The Defendant prison officials motioned to dismiss the complaint on grounds of qualified immunity of public officers from suits for damages. The District Court declined, holding that the prison officials were not entitled to the qualified immunity of public officers because there were “not enough facts in the record to determine whether the defence of immunity was valid.” Anderson died of AIDS while the appeal was still pending, the suit was determined to have survived him and was carried on by his estate. This review of the denial of immunity followed.

The court held that the prison officials were protected by qualified immunity with respect to disclosure of Anderson’s HIV status. It held that a constitutional right to privacy, other than that deriving from the Fourth Amendment, had been recognized by the circuit in 1992 (at the time of the alleged acts), but its boundaries were still ill-defined and did not clearly extend to this particular case. The court held that Anderson’s claim that his constitutional rights were violated by the disclosure of his HIV status to other inmates was therefore barred by the doctrine of official immunity. In holding so, the court applied the objective test for immunity: immunity applied if the action was “justifiable if considered without regard to the actor's motive.”

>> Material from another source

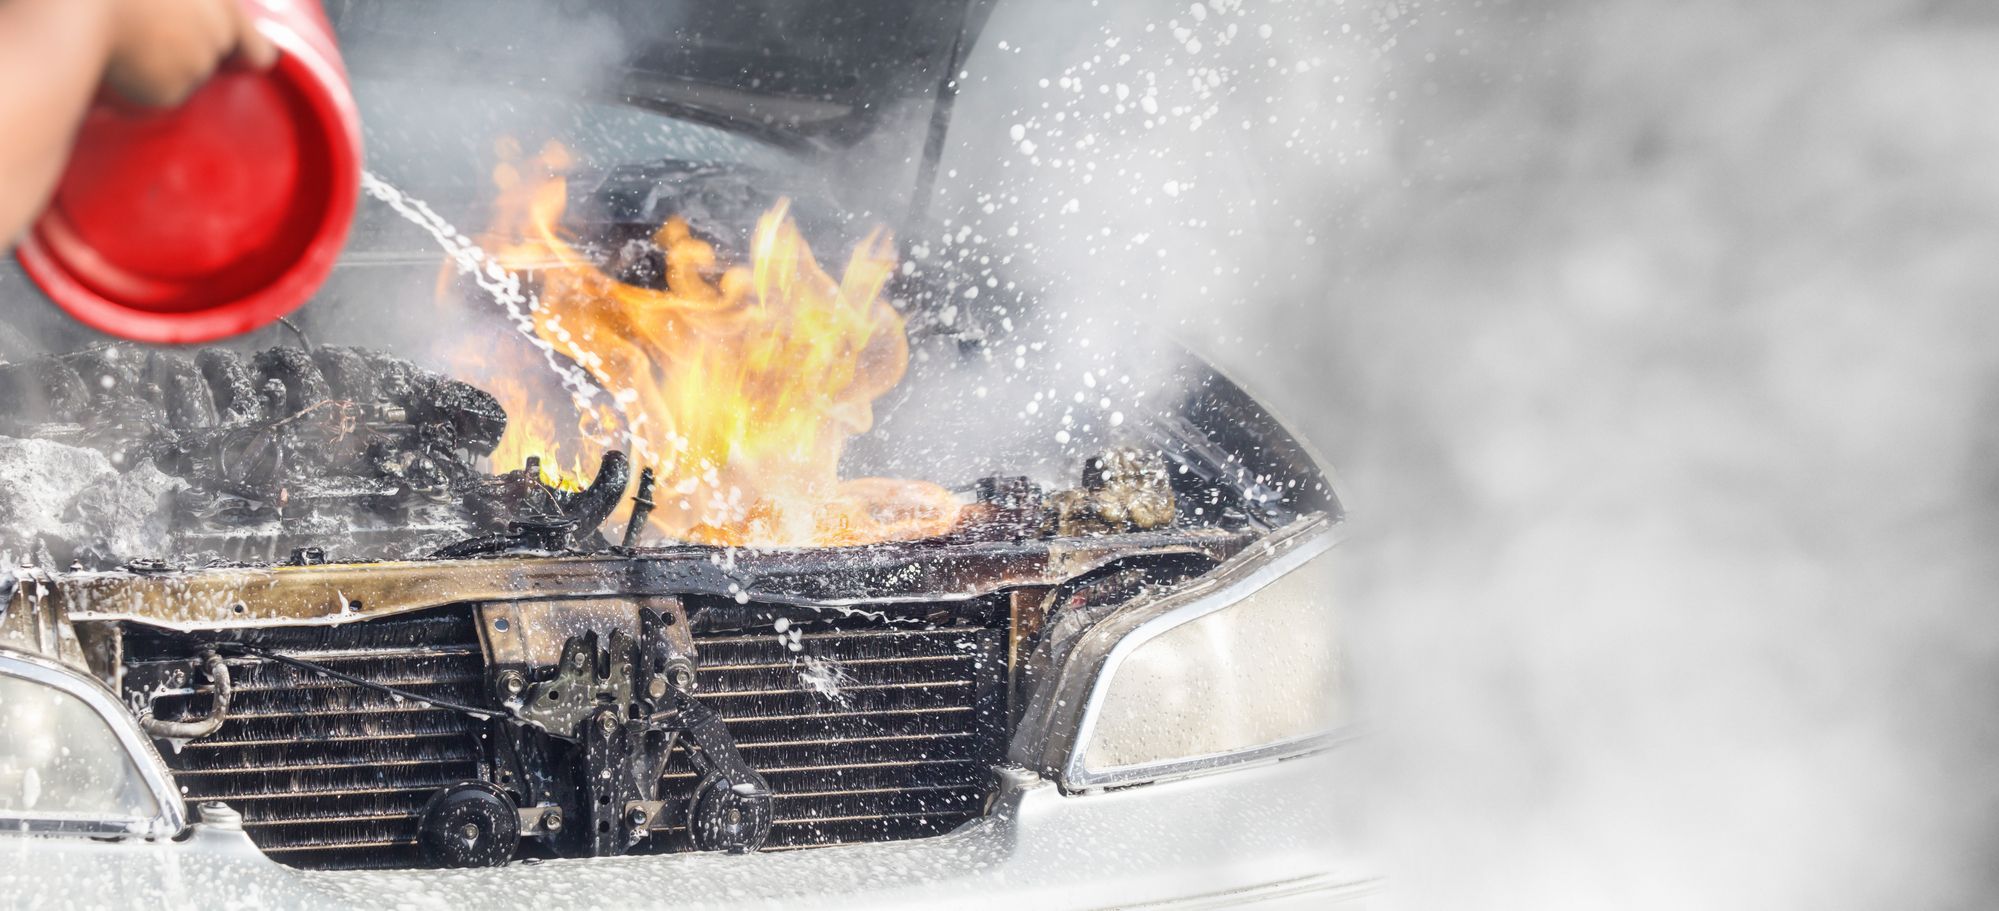 Car burning in electrical fire

The court held that the disclosures of Anderson’s HIV status were objectively justifiable if considered without regard to the officials’ motives. In deciding the issue, the court considered whether there was a clearly established right of prisoners to the confidentiality of their medical records at the time the acts took place in 1992. The court, noting that prisoners did “not have all the rights of free persons,” found no earlier holding indicating that prisoners had such a right. It ultimately decided that, in 1992, it was not unconstitutional to reveal the condition of HIV positive inmates “to other inmates and to guards in order to enable those other inmates and guards to protect themselves from infection.”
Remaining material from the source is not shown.